I would like to end this account with two remarks. The first has to do with the question of determining what name we can use to designate the phase we are now in. Are we better off speaking of ‘postmodernity’ or, as von Wright suggests, of ‘late modernity’? I have elsewhere explained my position at length on what to think of and on what to expect most probably from postmodernity; and, like von Wright, I think there is not much of a connection between the attitude of the most typical postmodernists and thinkers like Kraus or Wittgenstein. The essential reason for this is that postmodernism is a doctrine which remains fundamentally optimistic and that does no questioning of the necessity, if not to progress, at least to move forward. I once even proposed defining it as the conception according to which we know less than ever where we are going, and we should above all not try to find out, but in any case we know it is important to get there as fast as possible.
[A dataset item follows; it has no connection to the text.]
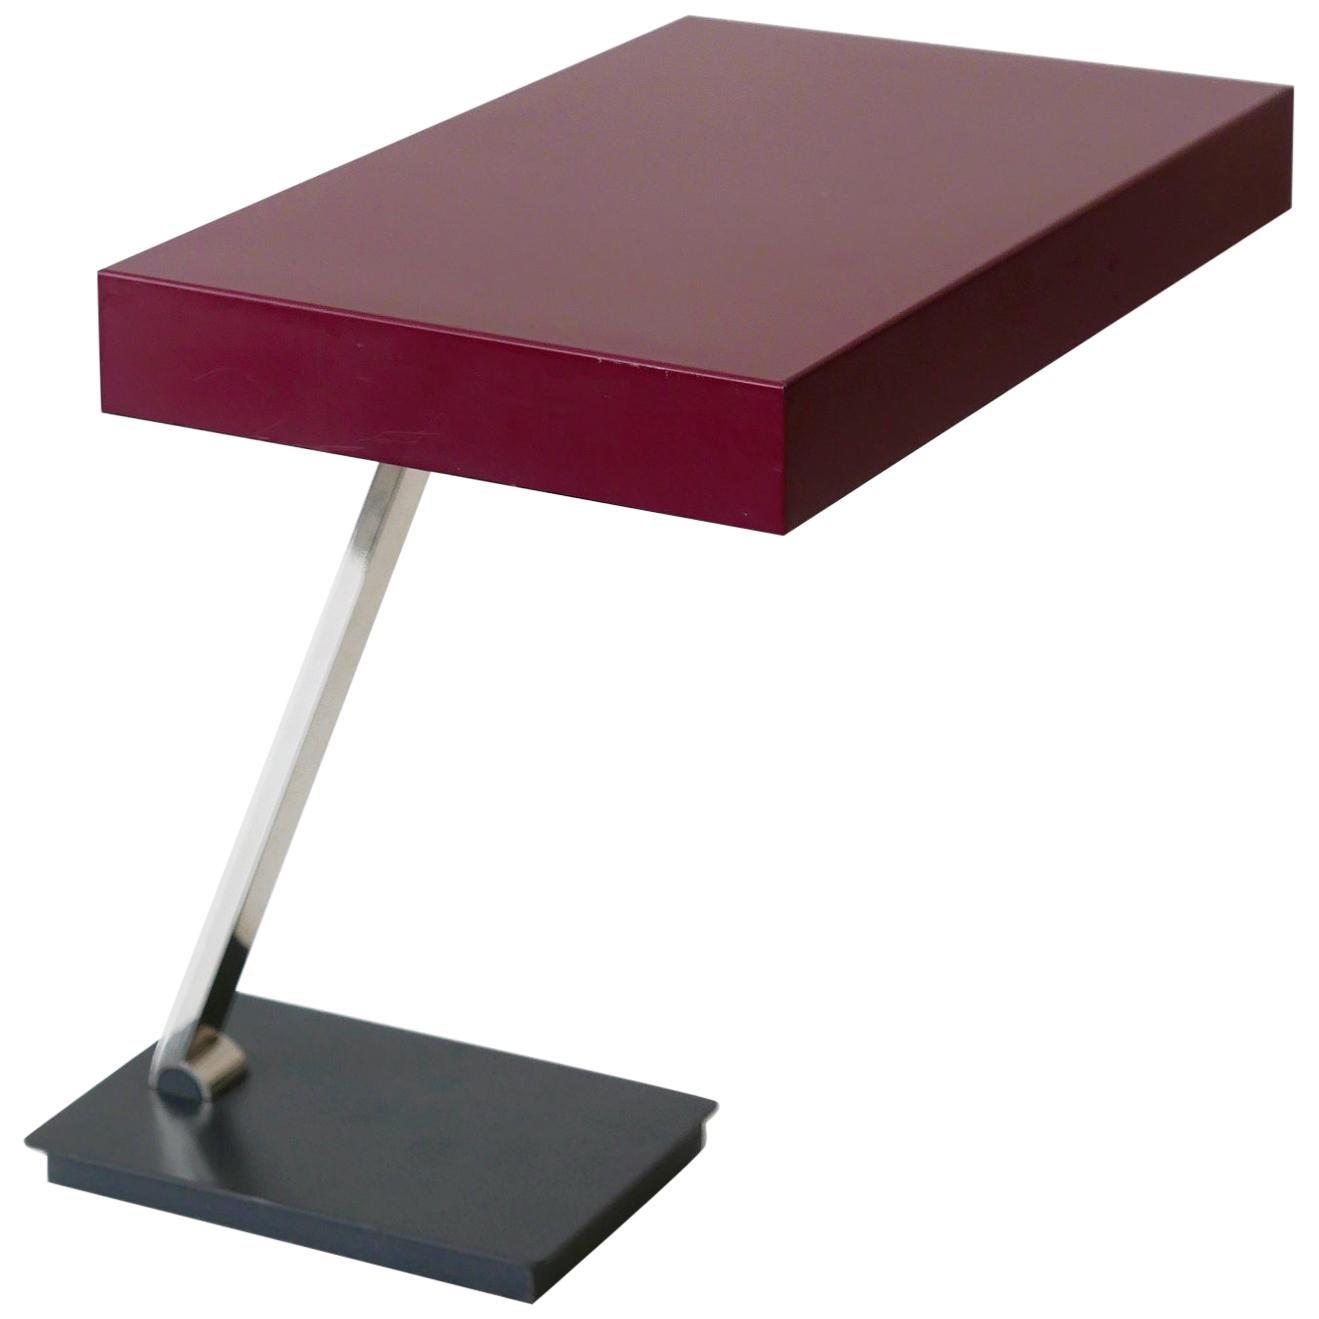 Luxury Mid-Century Modern President Table Lamp by Kaiser Leuchten 1960s Germany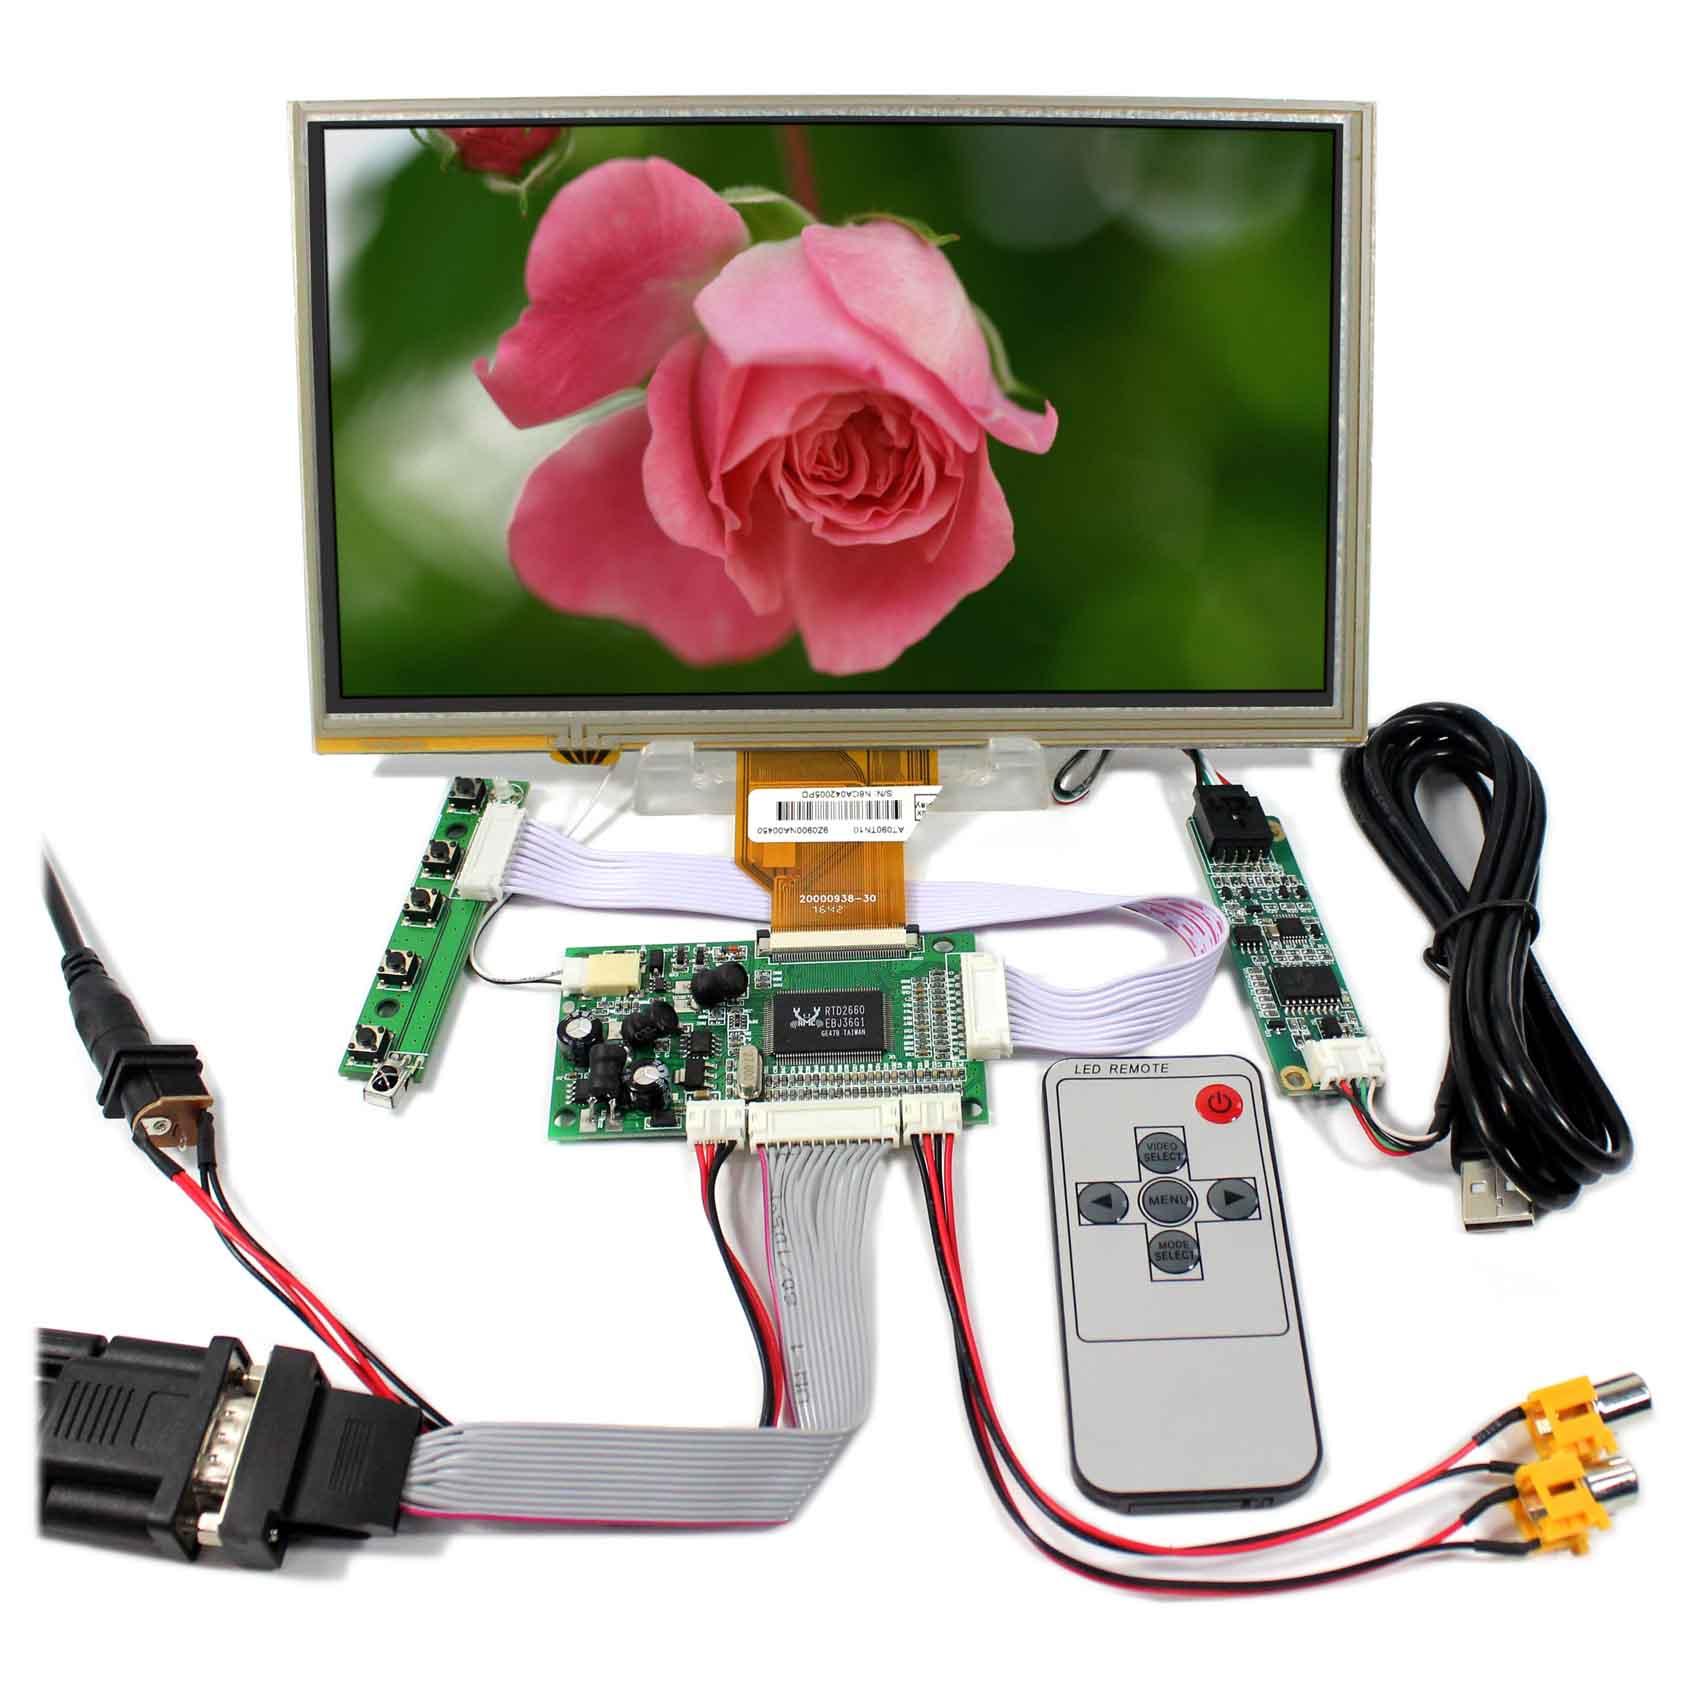 LCD Driver 800x480 AT090TN12 9 LCD Touch Dello Schermo VGA AV LCD Scheda del ControllerLCD Driver 800x480 AT090TN12 9 LCD Touch Dello Schermo VGA AV LCD Scheda del Controller

This looks exactly, or at least far too much, like what indeed ended up being the imperative of modernity itself. Von Wright notes: ‘if Late Modernity is predominantly a sombre mood, the undercurrent in it which calls itself post-modern is predominantly hopeful. It sees modernity as something essentially overcome, transcended, and in post-modernity a beginning and a promise of a renewal in culture and forms of life’. Von Wright adds that ‘a sceptic may prefer to see in the post-modern phenomena symptoms of the malaise of modernity rather than a cure for it’, and that is how he himself is inclined to see them. That is also exactly what I think as characteristics of postmodernity, perceived them, as far as he was concerned, not as signs that we are entering into a new era, but as symptoms of the hesitations and contradictions in which modernity itself has already been caught for some time, and which it cannot escape.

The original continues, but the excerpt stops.